While small businesses are said to be the drivers of economic growth and employment, the sad reality is that many are bound to fail.
According to Small Business Administration, a US government agency that provides support to entrepreneurs and small businesses, about 20% of business start-ups fail in the first year. Another 50% if not more succumb to business failure within five years. And by year 10 only about 33% are still in existence.
The picture in South Africa is similarly gloomy, especially with the National Development Plan aiming for small businesses to be creating 90% of new jobs by 2030.
Allon Raiz, CEO of leading business incubator Raizcorp, says there are several reasons small businesses find it hard to succeed.
Moneyweb asked him to highlight the most common mistakes made by would-be entrepreneurs.
Not being ready
Sometimes aspiring entrepreneurs think they are ready to be an entrepreneur when they are not.
It’s a good idea for would-be business owners to ask themselves if they really are ready to become an entrepreneur or if they are nurturing a fantasy of what entrepreneurship is.
Entrepreneurship requires sacrifice and commitment, and a level of perseverance that most would-be entrepreneurs underestimate.
Lack of a compelling economic right to exist
Often, aspiring entrepreneurs do not have something unique to sell, lacking a competitive advantage. In most cases, they are selling what everyone else is selling.
Sometimes they fail because there isn’t a real market for what they are selling.
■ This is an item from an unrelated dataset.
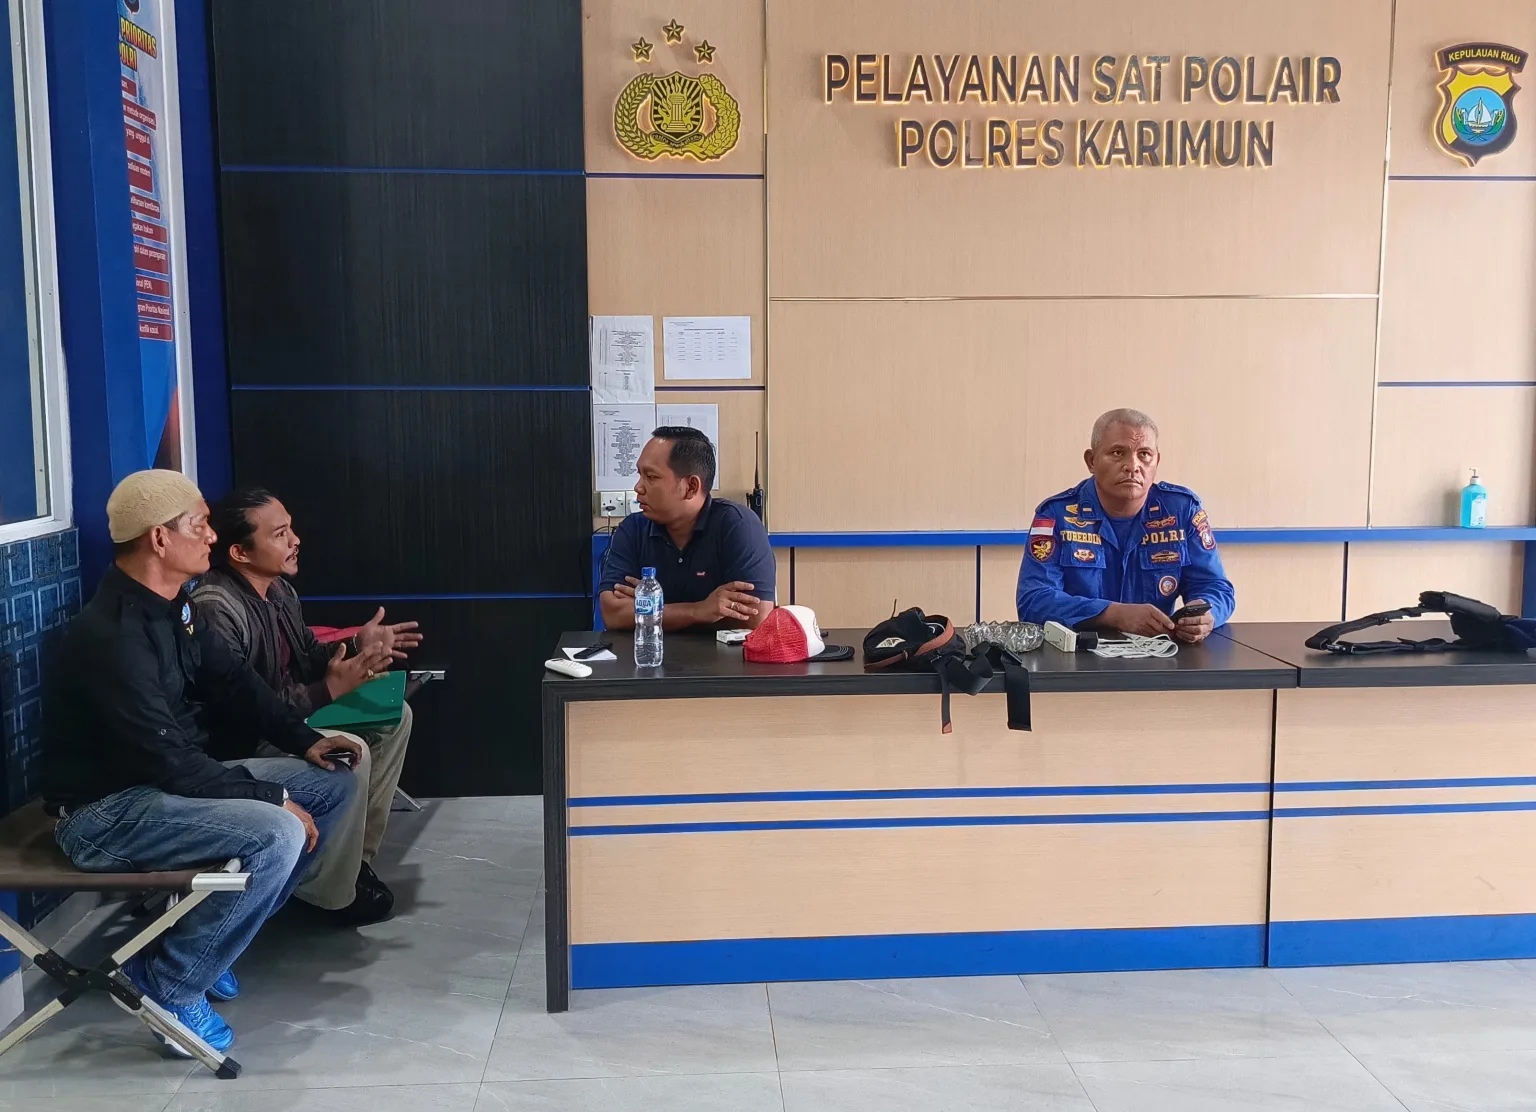 Ketua Ormas KPK, Mardana Surya Darma melaporkan izin aktivitas tambang pasir laut ke Satpolairud Polres Karimun | Foto: Ami

Before starting a business, the entrepreneur must really understand the market potential for their product or service. They cannot simply assume that there is a big market because their friends and family tell them they would buy from them.
In addition, some entrepreneurs do not have the ability or desire to sell.
“I have often observed entrepreneurs who are afraid to go out and sell because they are afraid of rejection,” says Raiz.
Selling at a loss
Most entrepreneurs cost their products or services incorrectly and end up selling at a loss. They create their selling price at 5% or 10% less than their competitors and never truly understand what it costs to produce their services. The result is that they are always cash-flow starved and cannot understand why they are working so hard and making no money.
Lack of adequate funding
Most start-up entrepreneurs underestimate how long it will take to break even. They overestimate their ability to sell (or for the market to accept them), and they underestimate their competitors. All this results in a much longer period to generate sufficient turnover to break even.
“My view is that if their financial modelling predicts that they will take six months to break even, then they need to make sure they have at least one year’s worth of funding,” says Raiz.
“And if their break-even suggests one year, then they would need two years’ worth of funding and so on.”
Being afraid of finances
Too many entrepreneurs are afraid of the numbers and do not respect their financials enough. Financial discipline is sorely lacking.
Many entrepreneurs make the fatal mistake of trying to save money by doing the books themselves and not outsourcing this function to a bookkeeper.
The result is poor financial records, which means they are less likely to find funding from financial institutions in the future. The longer they take to build financial discipline, the bigger the mess and the bigger the cost to clean up that mess. The problem becomes so big that they simply give up on their financials.
Without understanding your financials, you do not understand your business and therefore you are far more likely to fail.